Rebuscó entre sus papeles. Tradi
miró de reojo la silla: su revestimiento
acolchado prometía relajación infinita
para el dolor de sus piernas, pero no
quería darle el gusto a aquel funciona-
rio de verla disfrutar de su hospitalidad.
Katzchaturian localizó un documento con la foto de una mujer a la que
Tradi no había visto nunca, pero que
ahora era virtualmente idéntica a ella.
—¿Has oído hablar alguna vez de
Augusta Ada Byron, chiquilla?
La prisionera negó con la cabeza.
—Desarrolló hace siglos los procedimientos lógicos en los que se basaron los primeros ordenadores, y por
extrapolación los que usamos hoy en
día en toda nuestra tecnología. Tenía
un cerebro brillante y un cargo social
a la altura: una condesa, nada menos.
—Acercó la foto a su cara para distinguir mejor los detalles—. Fue una gran
mujer, pero lo fue por poco tiempo. Murió con el apellido Lovelace en 1852, a
los treinta y seis años, después de que
el cáncer le hiciera padecer una larga
agonía. Demasiado joven, o eso opina
el comité.
—A Dios le gusta llevarse rápido a
algunas personas.
—Es cierto. En mi tierra tenemos mil
aforismos populares para eso. ¿Sabías
que hay mucha gente que aún sigue
pensando que el tiempo y el espacio
son propiedad de las divinidades, y que
deberíamos pagar de alguna manera por su uso? —Encogió sus peludas
cejas—. Lo dicen porque no son ellos
quienes tienen el poder para alterar la
cinta, claro.
—¿Puedo preguntar algo, señor?
—Adelante; y por favor, deja a un lado
las formalidades. Estamos entre amigos.
Los ojos de Tradi chispearon de coraje.
—¿Por qué van a recuperar a esa
mujer? ¿Tan importante es que merece
la pena sacrificarme a mí por ella?
—Sí —contestó el inspector, y no
lo dijo con malicia ni con actitud despreciativa, sino como quien constata
una verdad que está más allá de toda
discusión—. Usted no es nadie, señora
Lebenev. Una asesina convicta sin pasado ni futuro. Un desecho social. Ada
Byron posee uno de los cerebros más
brillantes que ha dado la humanidad, y
es nuestro deber protegerlo. La traeremos para que viva cómodamente hasta
haber cumplido el siglo, como hemos
hecho con Einstein, Kepler, Mozart y
otros grandes de la Historia.
—No sé quiénes son esos señores.
Pero usted habla de ella en presente,
como si ya estuviera aquí.
Martin suavizó el tono de voz.
—En lo que a ti respecta, Tradi, eso
es exactamente lo que está sucediendo.
La hizo firmar unos papeles y abandonaron el despacho. El panel electrónico volvió a cambiar. Esta vez su mensaje era más técnico. Mostraba datos
sobre el complejo proceso de alteración temporal que los científicos estaban a punto de llevar a cabo:
Alineación del segmento de la cinta
en curso. Coordenadas del periápside
(extremo cercano): laboratorio Gersen /
Wielman. Coordenadas del apoápside
(extremo lejano): posición de la Tierra
en agosto de 1852, a 224.900.571 kilómetros del periápside.

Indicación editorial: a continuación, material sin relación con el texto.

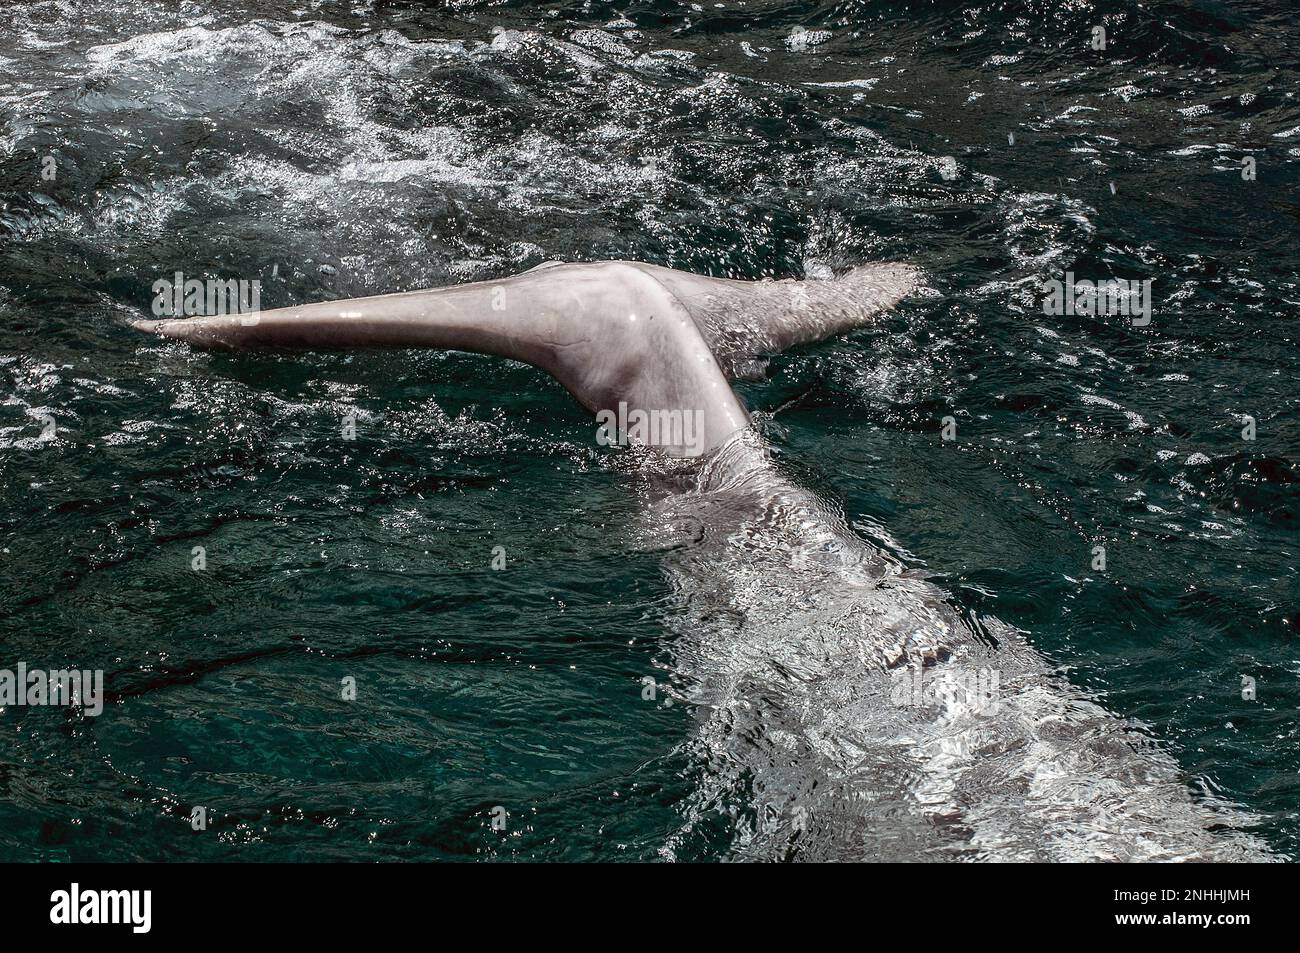 beluga whale close-up fluke, or tail pushing water while diving at surface Stock Photo

Prisionera entrando en área de seguridad. Por favor, permanezcan en sus
puestos.
La puerta blindada se abrió con un
chasquido. Tradi iba escoltada por cuatro guardias armados más el inspector.
Cuando entraron en el recinto, muchos
cuellos se giraron.
La joven contuvo la respiración.
Allí estaba la máquina, alzada en
toda su majestuosidad como un mamut
de seis patas. Era un engendro que la
gente admiraba por lo que podía hacer,
más que por su aspecto real. Tradi sintió
un escalofrío al pensar en la cantidad de
desdichados que habían cruzado sus
arcos de titanio, sus luces estroboscópicas, sus paneles de abejas tallados
en una materia cristalina desconocida,
para viajar en su vientre a lugares remotos; un dragón que surcaba una y otra
vez los océanos del tiempo llevando
hombres en sus células de metal. Con
un sencillo gesto de su operador, aque-
65
lla monstruosidad detendría la caída del
sol en el cielo, haría que los pájaros aleteasen al revés, retornaría los conejos
a sus chisteras; revertiría el flujo de las
mareas hasta vaciar los océanos, y no
se detendría hasta depositarla en otro
tiempo más oscuro y terrible. Más despiadado si cabe que aquel en el que los
hombres condenaban a sus semejantes
a nunca haber existido.
—Por Dios... —murmuró Tradi—.
¿Eso es la cinta?
El inspector la liberó de sus grilletes.
—La cinta no es la máquina, Tradi.
Así es como llamamos al sumatorio
de todas las líneas temporales que podrían ser alteradas por lo que estamos
haciendo. Es demasiado complejo para
ti, así que no intentes entenderlo. —Señaló al dragón—. Piensa en ese cacharro como el cadillac que va a llevarte a
un lugar donde serás útil para la humanidad, por primera vez en tu vida.
Ante la mirada de docenas de desconocidos, mudaron su ropa por otra de
época, despeinaron su cabellera, quemaron su dedo índice para simular una cicatriz de infancia, y la condujeron al gran
arco de titanio. El umbral de una puerta
que sólo podía ser cruzada en un sentido.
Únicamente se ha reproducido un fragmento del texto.